Publicado em : 02/08/17

Ford EcoSport 2018 aposta em conjunto mecânico e conectividade para resgatar o brilho do passado




Do: Primeira Marcha

Se há algum automóvel moderno que pode reivindicar a “criação” de um segmento no Brasil, esse carro é o Ecosport. Lançado em 2003, a primeira geração do modelo abriu os caminhos para os utilitários esportivos compactos, que cada vez mais dominam as vendas e as ruas de todo o país. No entanto, a concorrência nasceu, cresceu e engoliu o exemplar da Ford (hoje, é o quarto mais vendido). Para retomar o espaço perdido, a marca tratou de dar uma “respirada” no utilitário em sua linha 2018.


Apesar do visual bastante semelhante ao da reestilização de 2012, o Eco aposta em tecnologia para reconquistar seu público. Serão três versões (SE, Freestyle e Titanium) com preços entre R$73.990 e R$93.990. O trem de força também foi renovado: agora são duas opções inéditas de motor. Para as versões de entrada, um 1.5 de três cilindros e 137 cv substitui o antigo 1.6, de 115 cv. É a primeira vez que esse motor será utilizado no Brasil.
O projeto é moderno e utiliza bloco em alumínio, comando duplo variável, coletor de escape integrado ao cabeçote, válvulas com tuchos hidráulicos e balancins roletados. Para reduzir o nível de vibração, típica em motores tricilíndricos, a Ford lança mão de um eixo balanceiro com mancal hidrodinâmico.

O motor da versão topo de linha também é novo, mas não inédito.
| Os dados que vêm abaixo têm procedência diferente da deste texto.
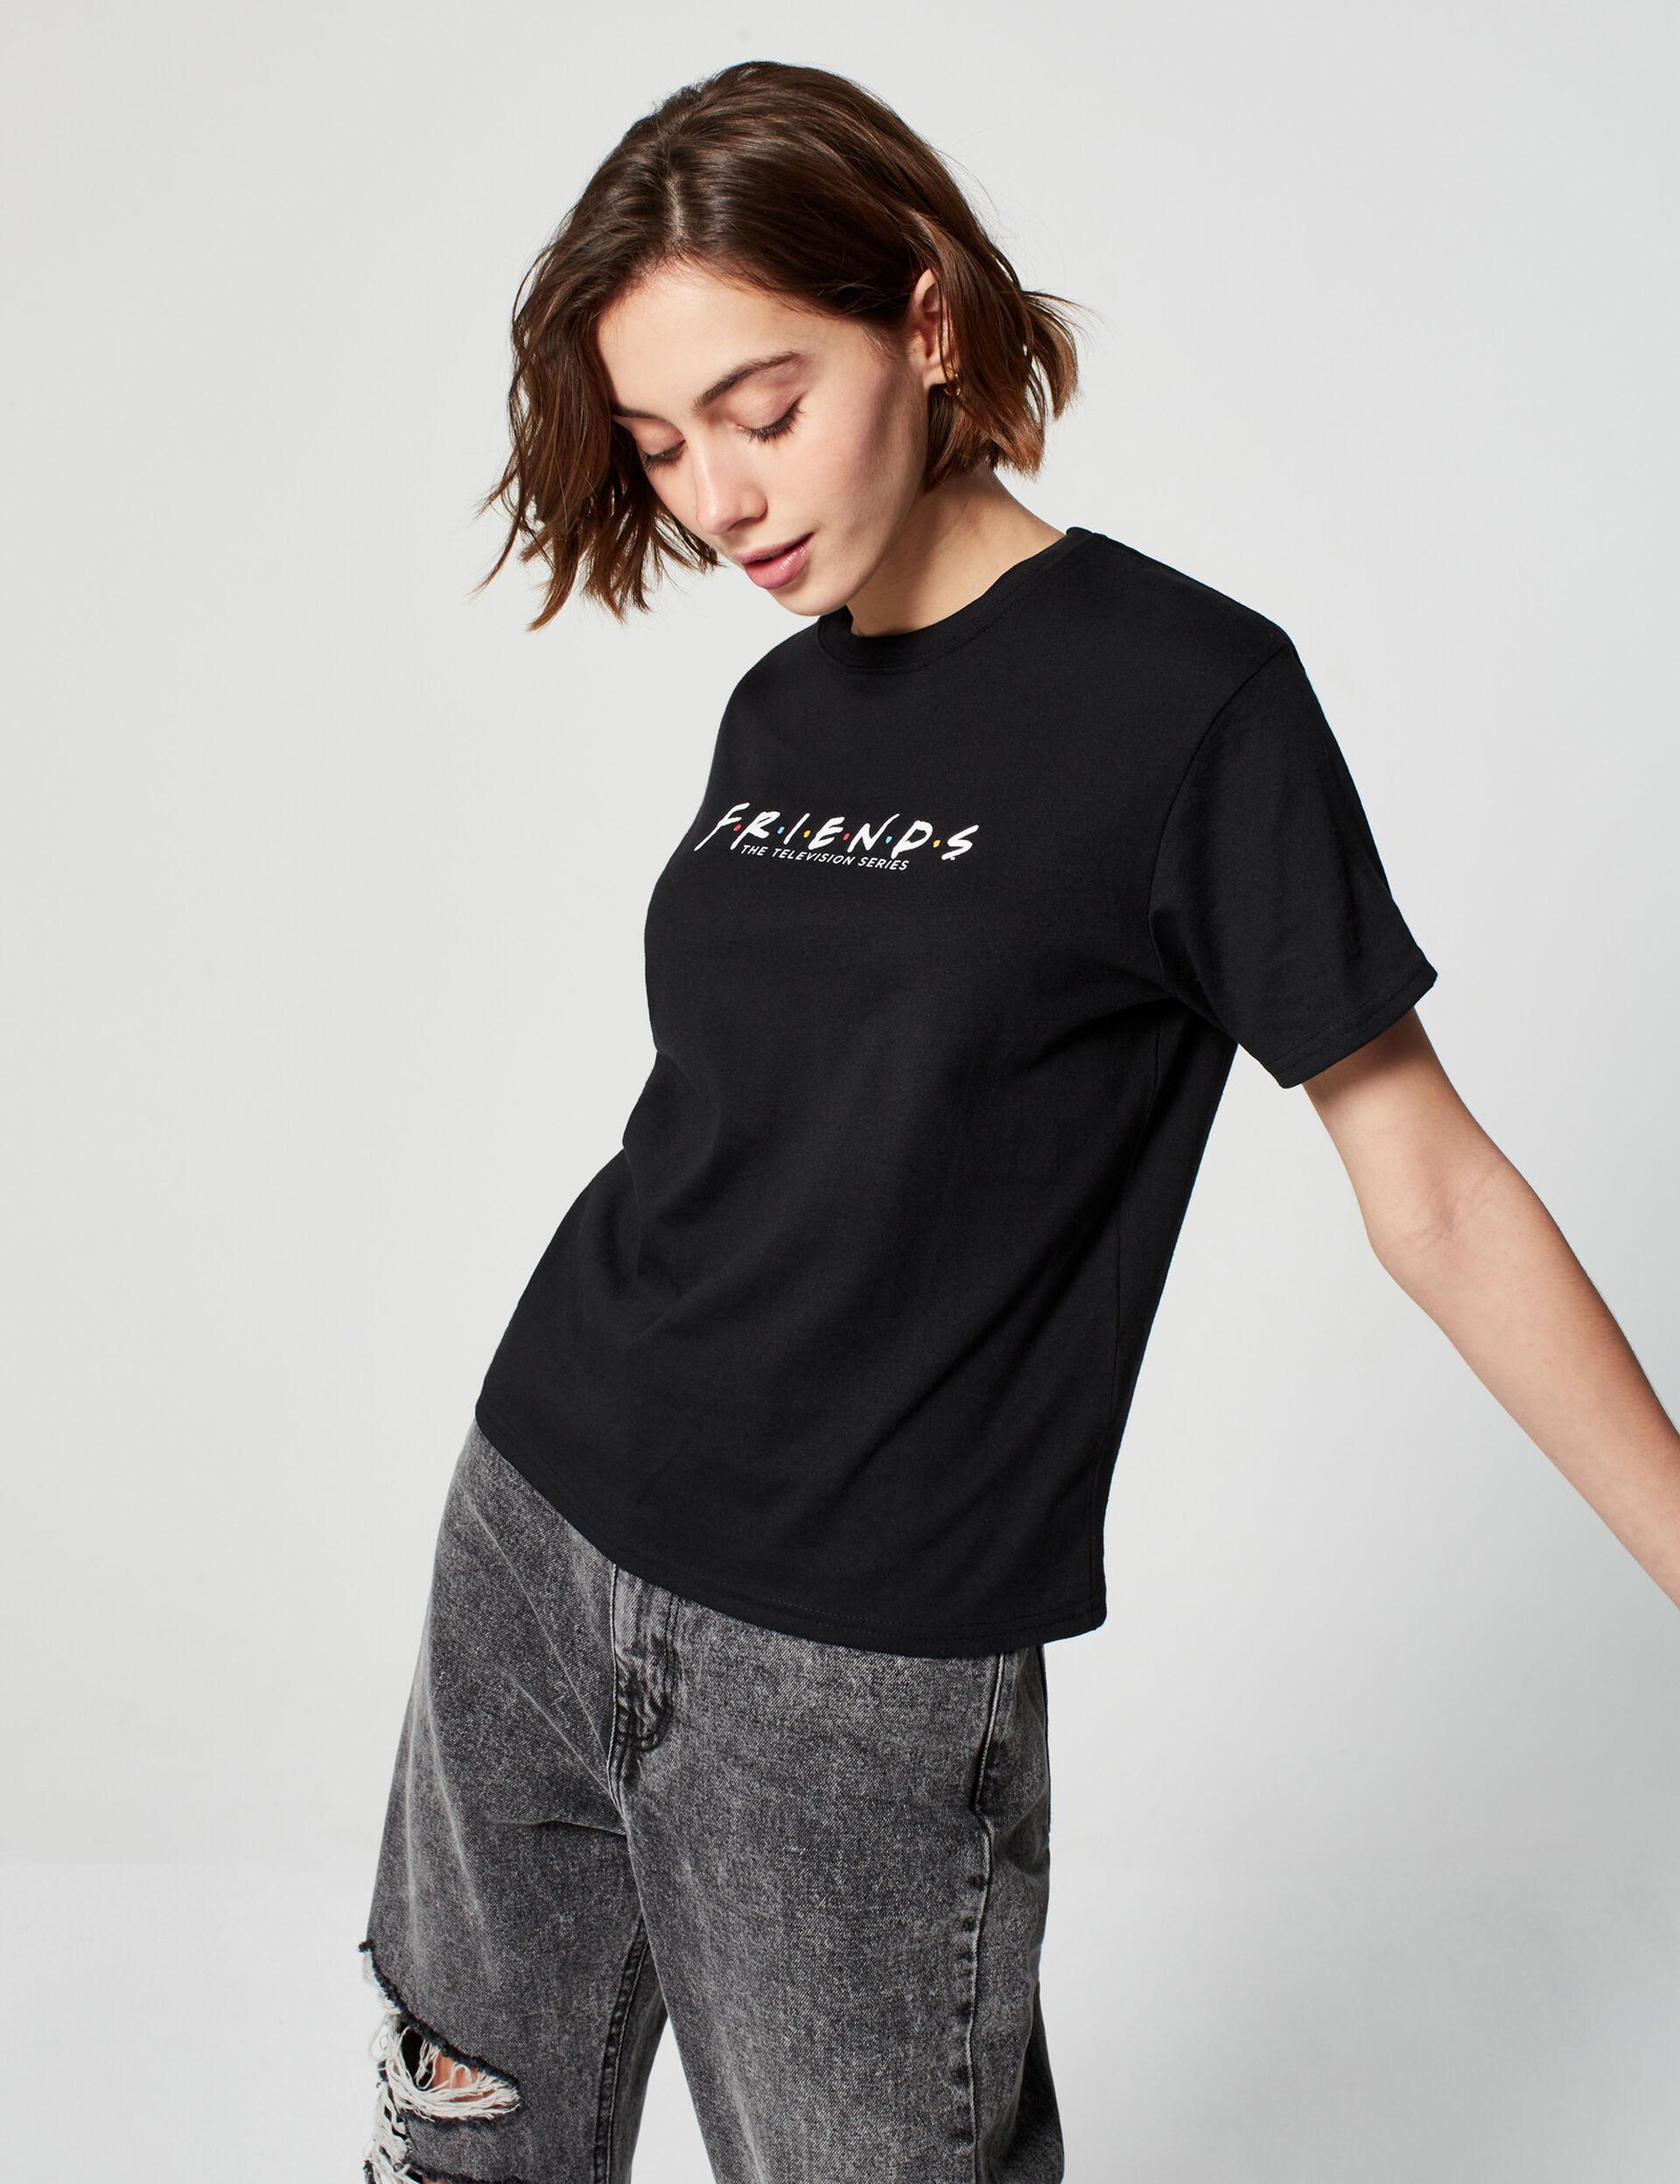 Tee-shirt F.R.I.E.N.D.S

Trata-se do mesmo 2.0 de injeção direta que equipa o Focus, capaz de entregar até 176 cv. Com isso, o Ecosport passa a ser o mais potente do segmento. Tem mais: o câmbio automático de seis marchas substitui o PowerShift de dupla embreagem e oferece trocas por borboletas. Há ainda a opção de caixa manual de cinco.


Se a aparência externa não mudou muito, o mesmo não se pode falar do interior. O painel é totalmente novo, com destaque para a tela de oito polegadas da central multimídia, algo que o modelo anterior pecava em relação ao seus concorrentes. O acabamento também foi modificado, com boa parte das peças revestida de material macio ao toque.

O quadro de instrumentos é outra novidade e agora tem visualização mais fácil e clara. Uma telinha de 4,2 polegadas colorida faz a tarefa de computador de bordo e ajuda nesse quesito de exibir informações no veículo. O sistema de conectividade Sync 3 da Ford – já utilizado no Focus e no Fusion – começa a ser utilizado no Ecosport e traz compatibilidade com Apple Car Play e Android Auto. Além disso, duas tomadas USB no console central ajudam a conectar ou carregar gadgets. Vale destacar que ambas têm amperagem mais alta do que as portas USB’s comuns. Desta forma, conseguem carregar dispositivos mais rapidamente.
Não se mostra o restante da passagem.